In third place was CVE-2023-2868, a critical command injection vulnerability in Barracuda Email Security Gateways.

Stuart McKenzie, EMEA Consulting MD at Mandiant, a subsidiary of Google, noted phishing is now often used to steal credentials for later credential-based attacks rather than to deploy malware.

This is partly a result of improved security tooling that protects users from receiving malicious email messages.

The shift towards software vulnerability exploitation requires a more sophisticated approach by attackers compared to traditional “spray and hope” phishing attacks.

Zero day and n-day vulnerabilities, which are either not discovered or patched, allow attackers to pick and choose how they target organizations at their leisure.

McKenzie said: “If you’ve got time on your side, you’re able to deploy those against any organizations when you want to.”

Initial infection vector in 2023 (when identified). Source: Mandiant
Initial infection vector in 2023 (when identified). Source: Mandiant

Ransomware Drives Down Dwell Time

Attacker dwell time – the period from compromise to detection – fell to just 10 days in 2023 from 16 in 2022, Mandiant found.

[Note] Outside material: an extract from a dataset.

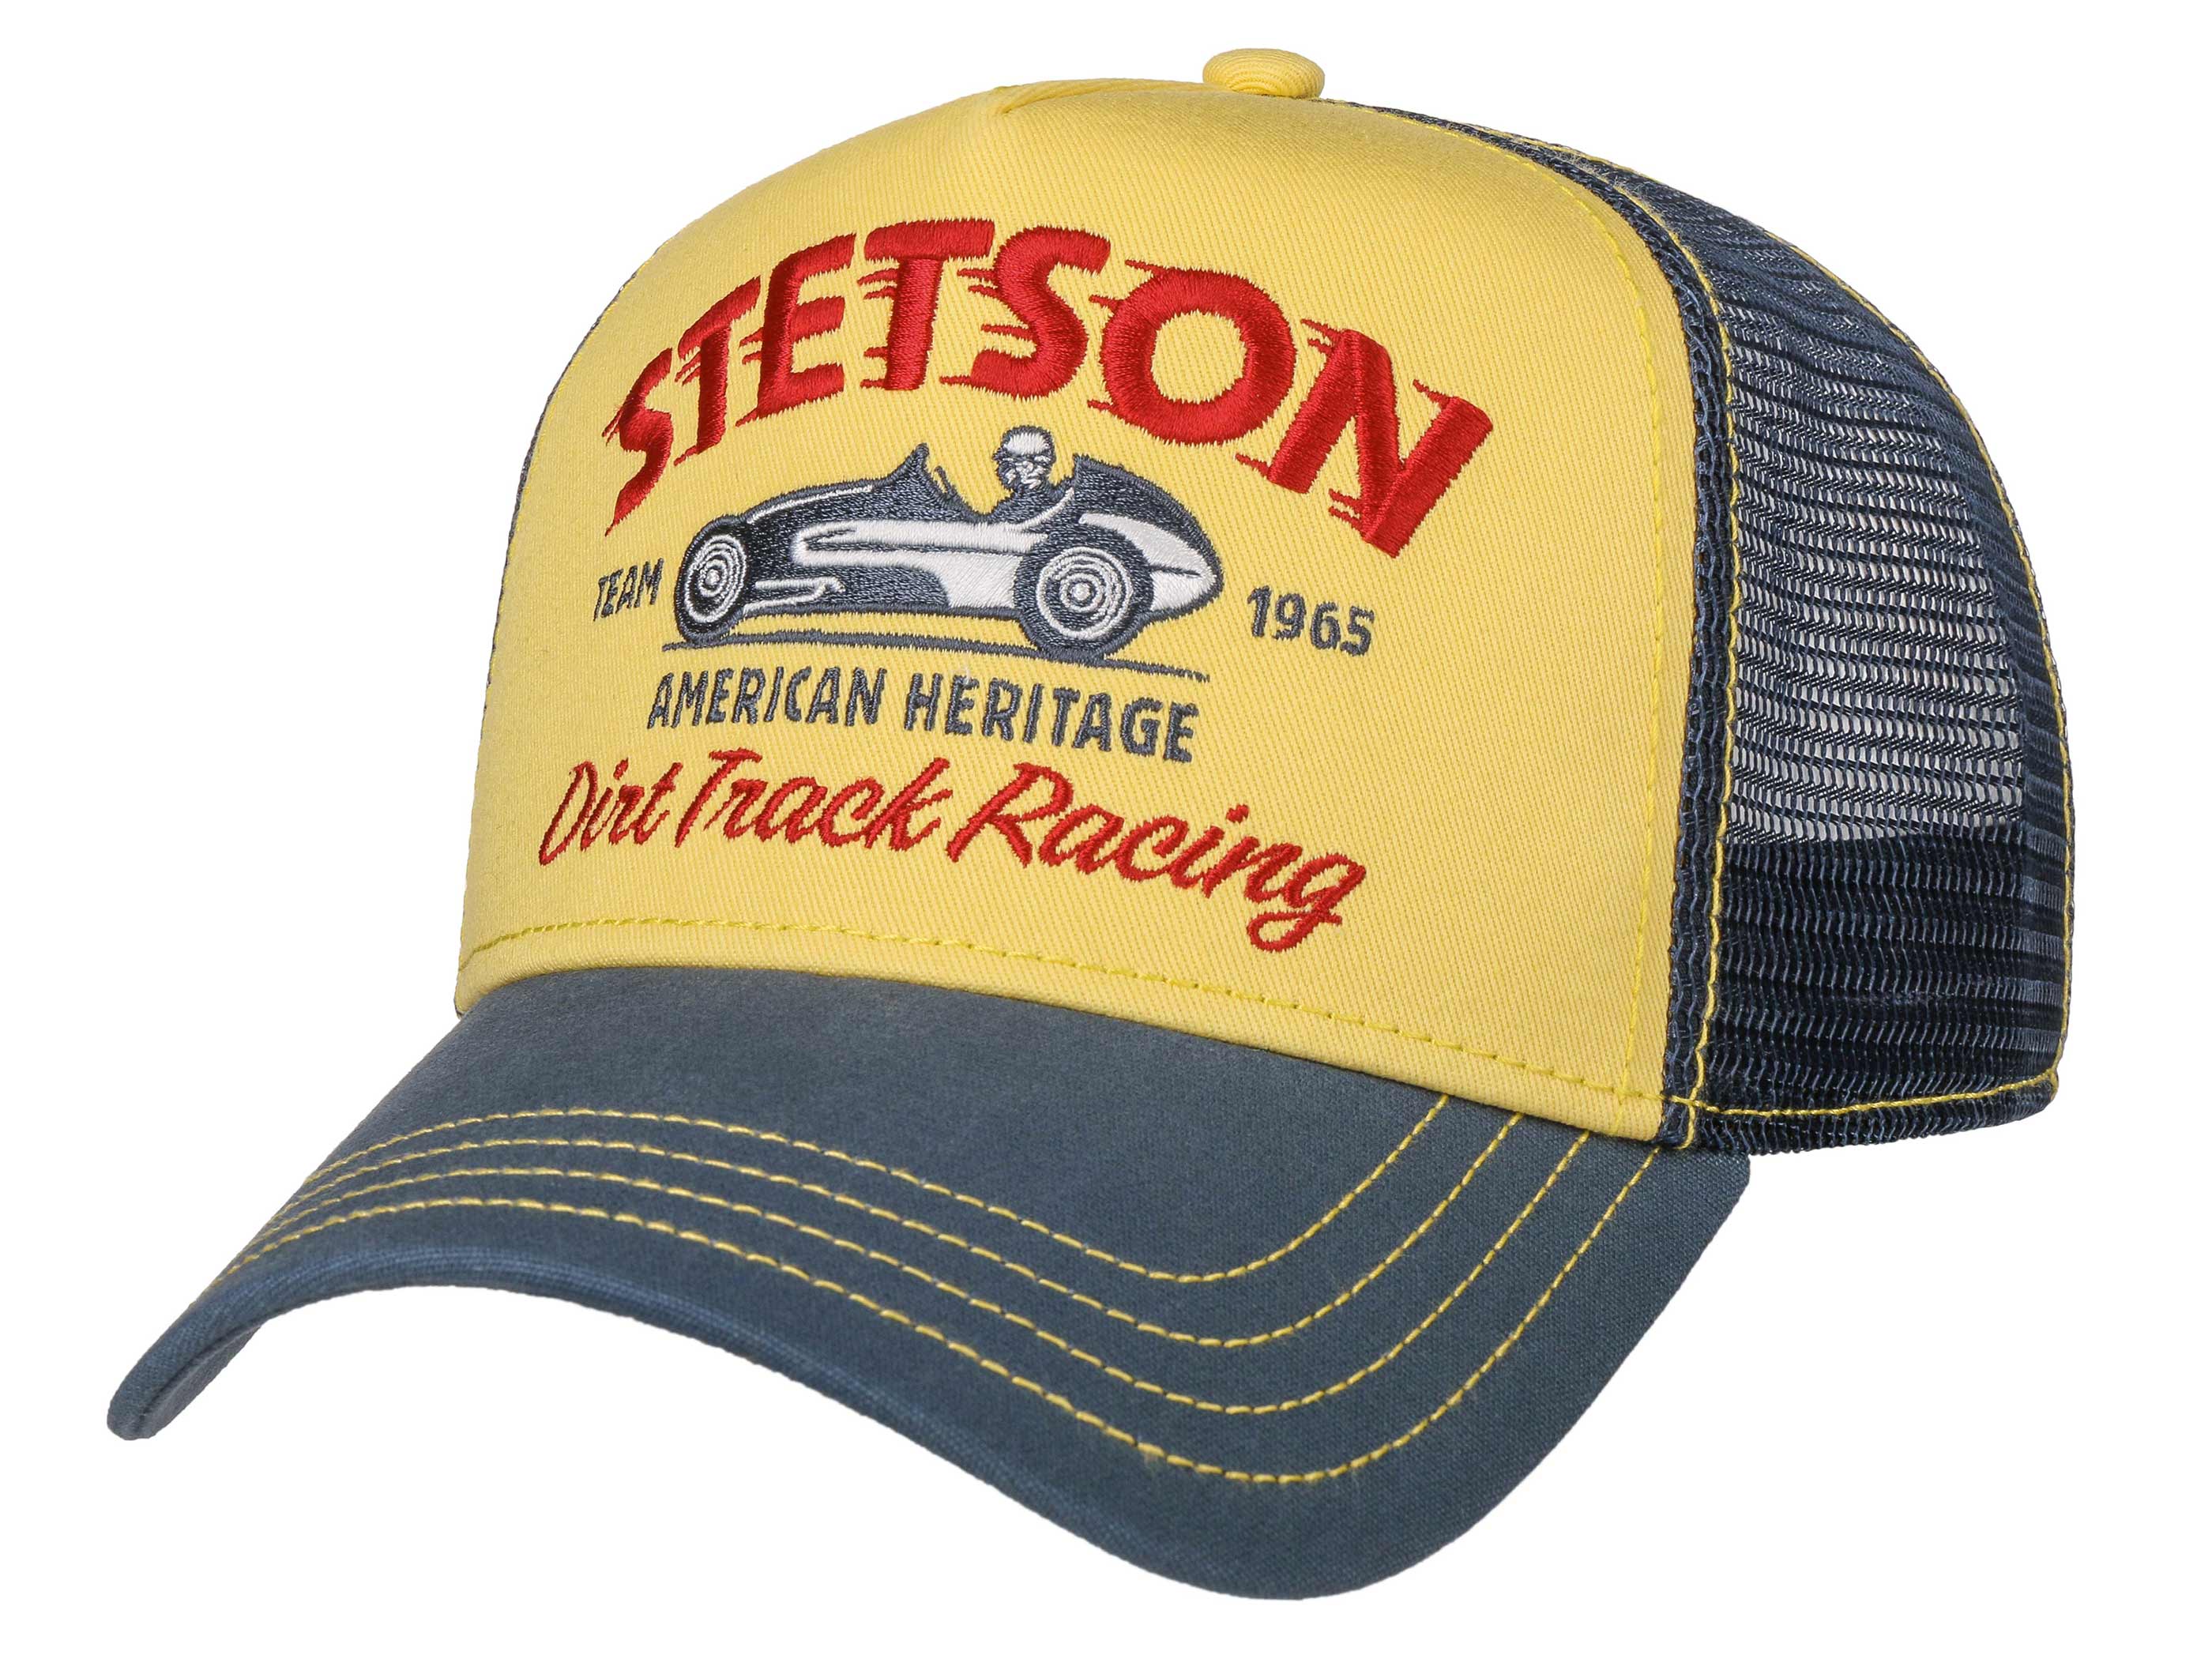 Stetson Trucker Cap Dirt Track Racing Baseball Cap mit Netzeinsatz

While this demonstrates advancements in detection capabilities, Mandiant cautioned that the growth in ransomware attacks in 2023 helped drive down dwell time as the threat actors wanted their presence to be known to launch extortion negotiations.

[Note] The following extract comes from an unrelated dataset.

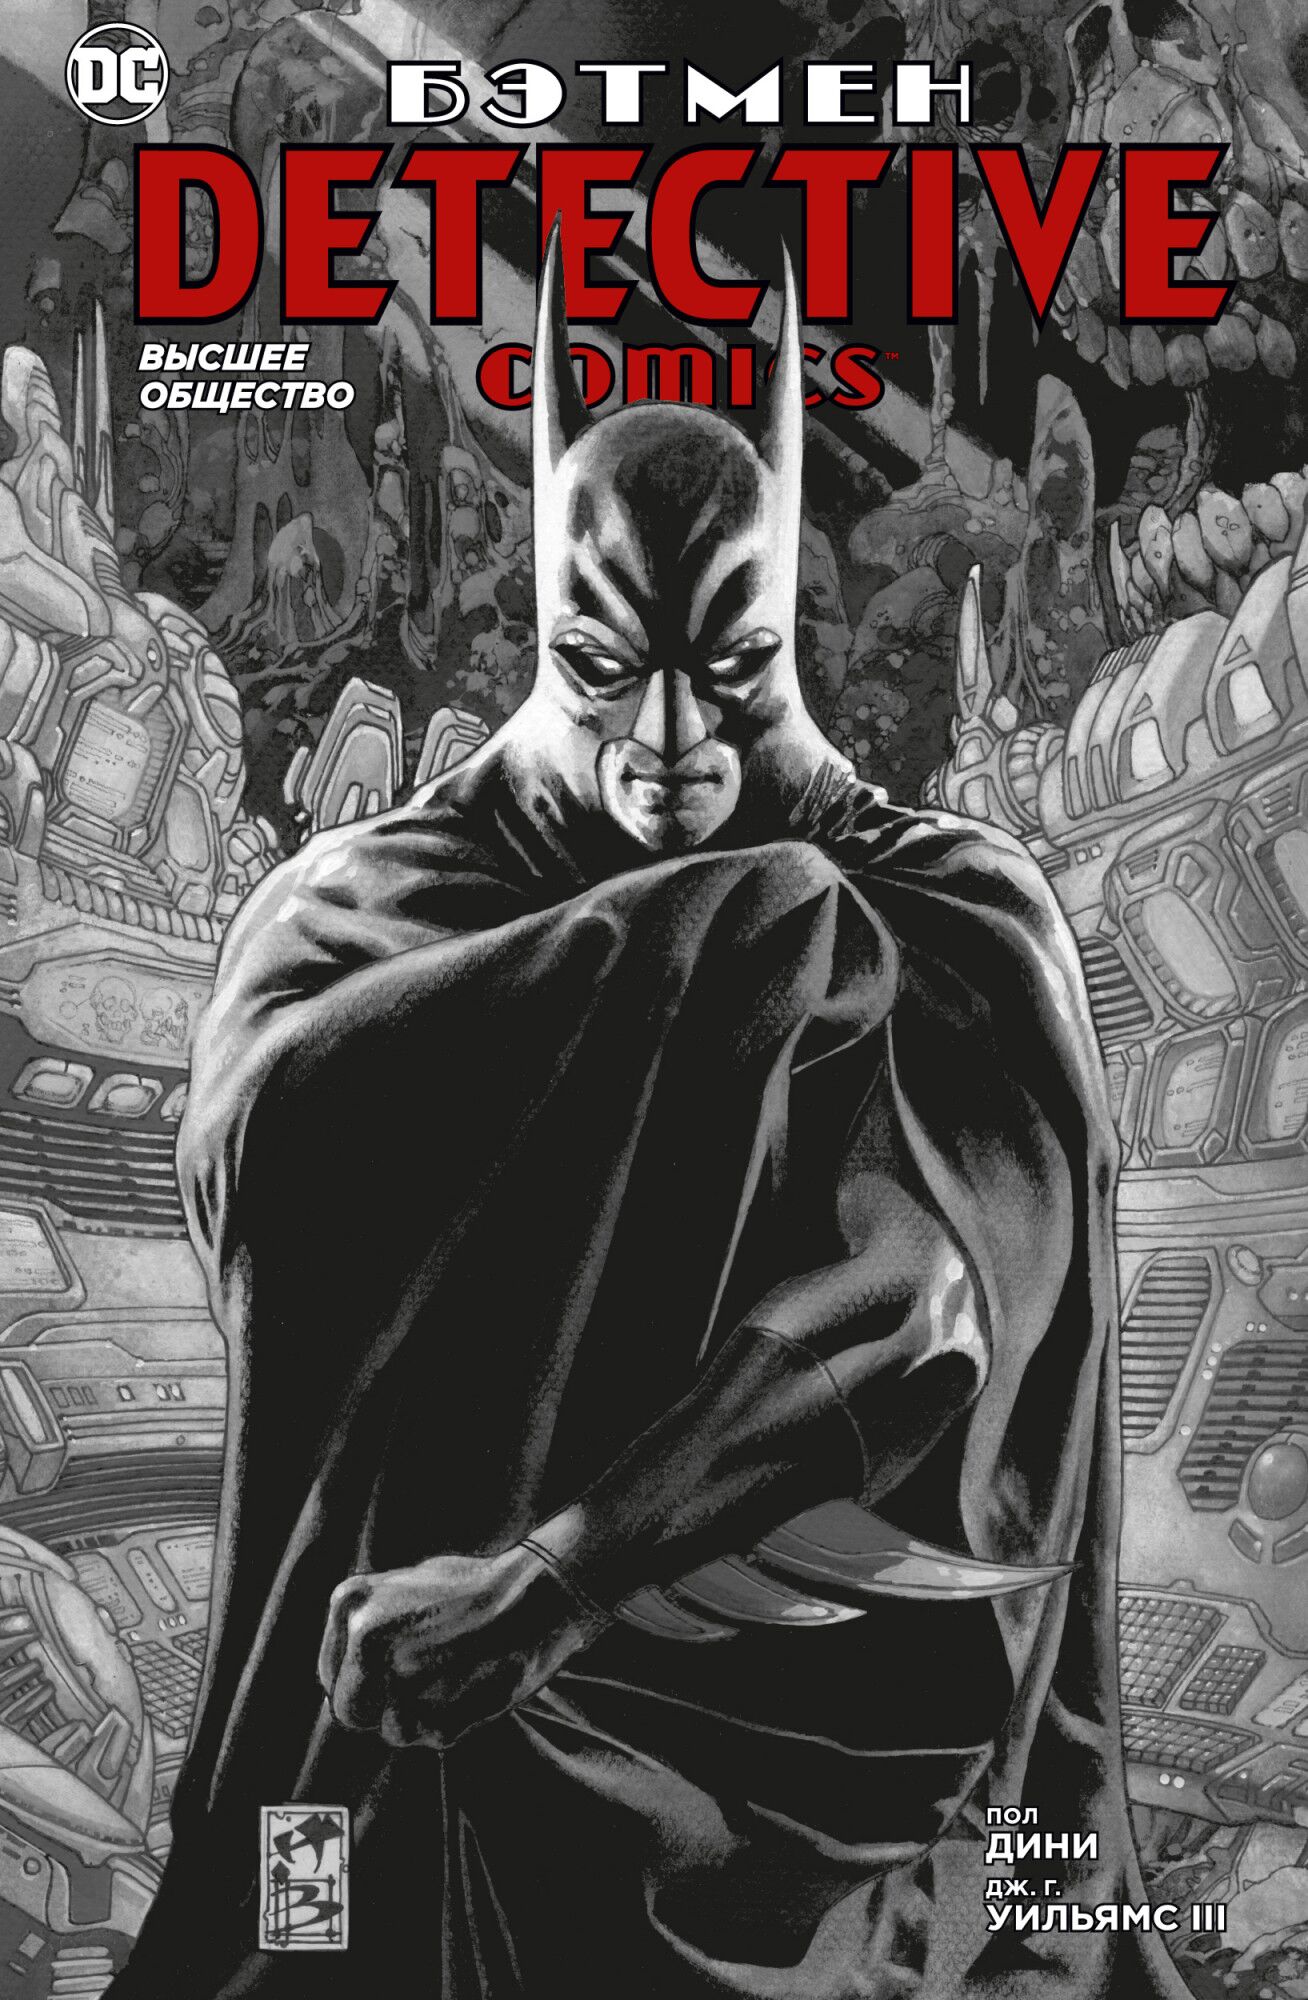 Бэтмен. Detective Comics. Высшее общество - Графические романы. Бэтмен

For example, for ransomware-related intrusions, 70% of organizations were externally notified, mostly by the attackers.

McKenzie explained: “We see a lot more cybercriminals interested in ransomware. For a ransomware attack to be successful, they need to organization to know.”

The median global dwell time for ransomware intrusions was five days in 2023, which compares to 13 days for non-ransomware intrusions.

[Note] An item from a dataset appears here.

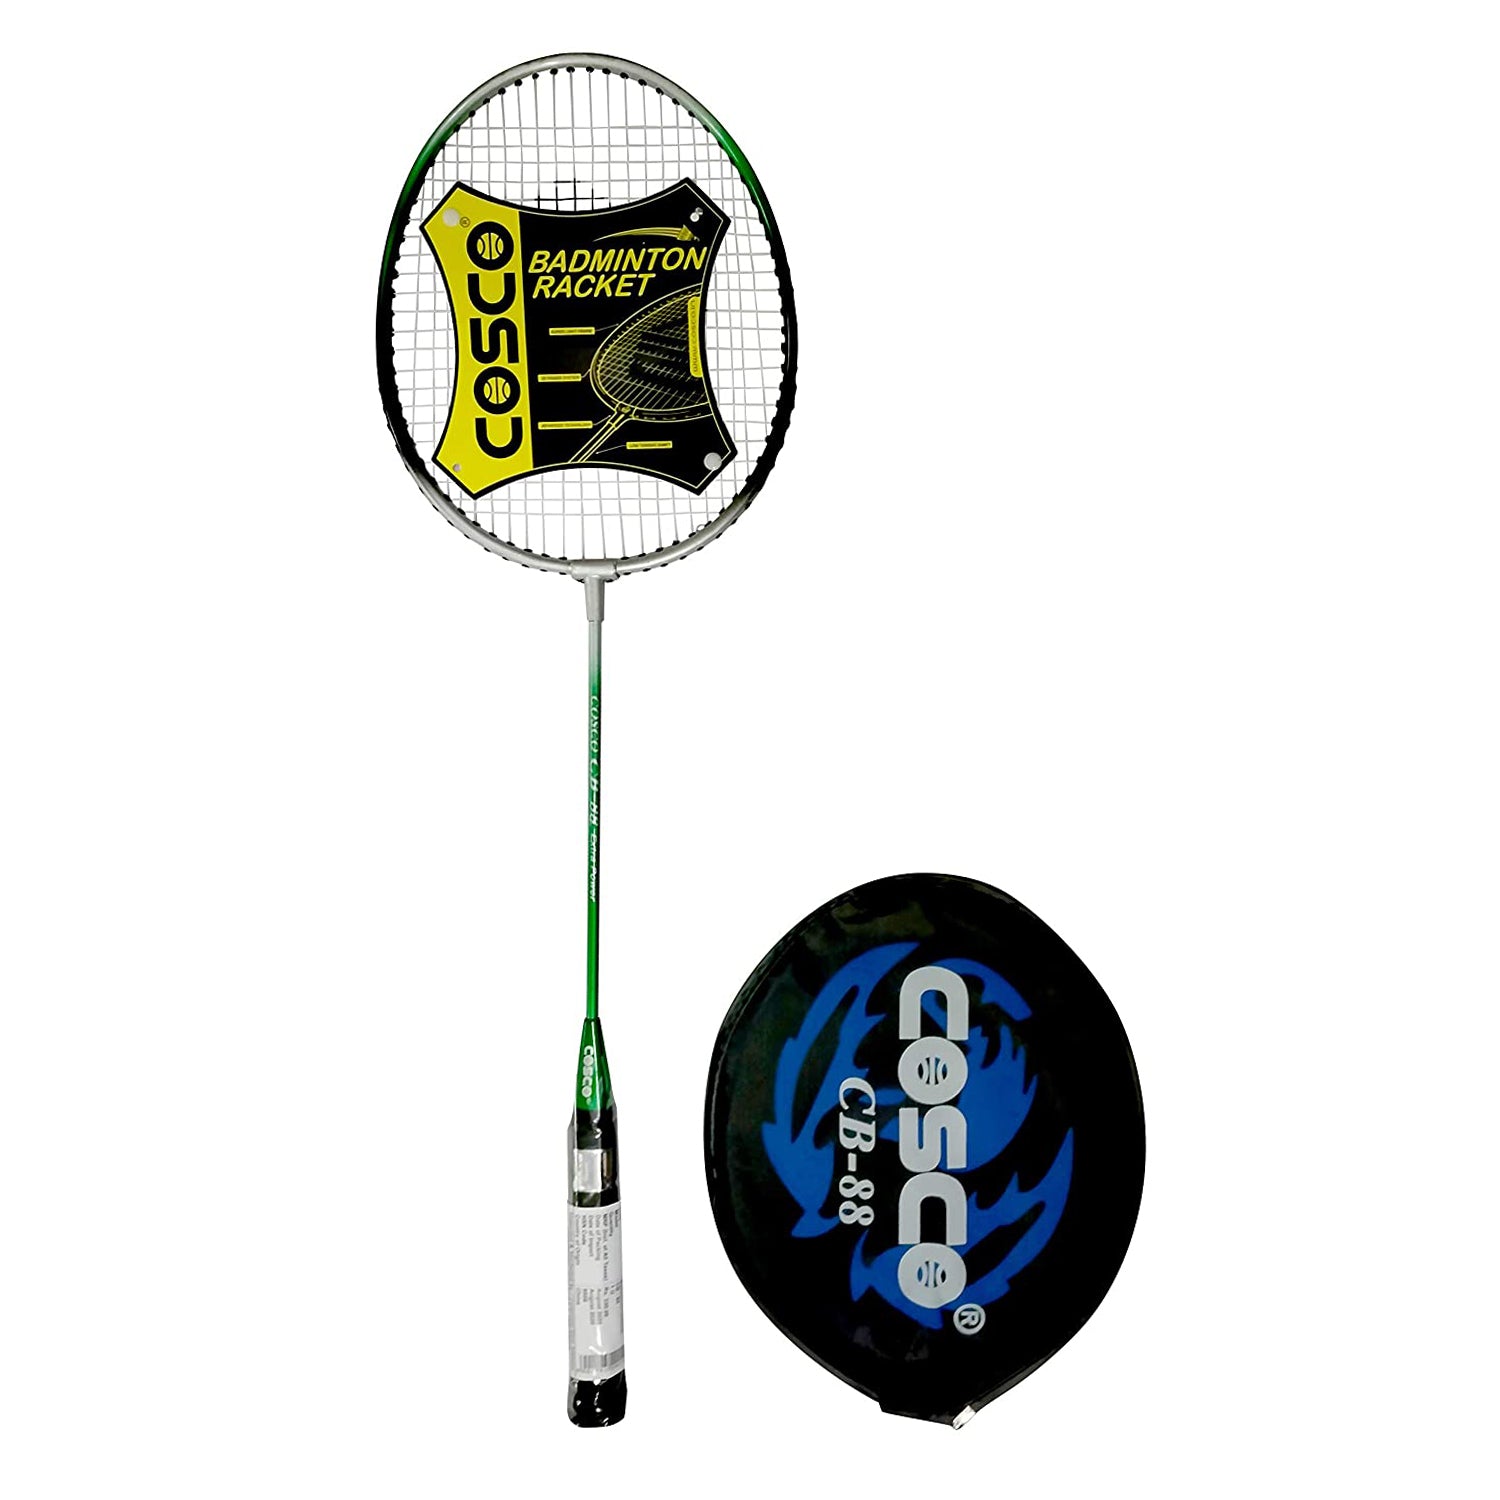 cosco racket price

Global dwell time by investigation type 2023. Source: Mandiant
Global dwell time by investigation type 2023. Source: Mandiant

The proportion of global investigations involving ransomware increased by five percentage points to 23% last year compared to the 2023 M-Trends report.

Despite this, Mandiant found many attackers are focusing on evasion to maintain persistence on networks for as long as possible. This is particularly the case for those targeting data theft or nation-state groups.

McKenzie noted threat actors are moving away from targeting endpoints due to significant improvements in endpoint detection and response (EDR). Therefore, they are increasingly targeting edge devices, such as routers and email gateways.

“Not many companies have detection capabilities there, so the attackers move to where they can be most successful,” said McKenzie.

Over 4000 Threat Groups Tracked by Mandiant

Mandiant revealed that it tracks more than 4000 threat groups, 719 of which were newly tracked in 2023.

A high proportion of the groups tracked are designated as uncategorized (UNC). UNC means that new threat activity encountered cannot confidently be linked to an existing group.

Over half (52%) of the groups tracked by Mandiant in 2023 were primarily motivated by financial gain, up from 48% in 2022, while 10% principally pursued espionage activities.

Just 2% were judged to be operating for hacktivist motivations. In 36% of threat groups, a specific motivation could not be determined.

The increase in financially motivated groups is partially explained by the growth in ransomware-related activity, the researchers said. Of all financially motivated intrusions tracked by Mandiant, ransomware made up almost two-thirds of cases.

McKenzie observed that attributing attacks to particular groups is becoming harder due to the complex cybercrime ecosystem, with many incidents now involving multiple actors.

“We’ve seen such a change in the lifecycle between the initial access, onto the access brokers, onto the criminal group – it’s no longer a single flow,” he noted.

Ransomware-as-a-service (RaaS) groups also have a number of affiliates using their tooling, further complicating the picture for threat researchers, McKenzie added.

In a separate report published on April 17, Mandiant announced it had upgraded the Russian state group known as Sandworm into a named Advanced Persistent Threat (APT) group, APT44.

This is due to the scale of the group’s cyber activities targeting Ukraine since Russia invaded the region in 2022.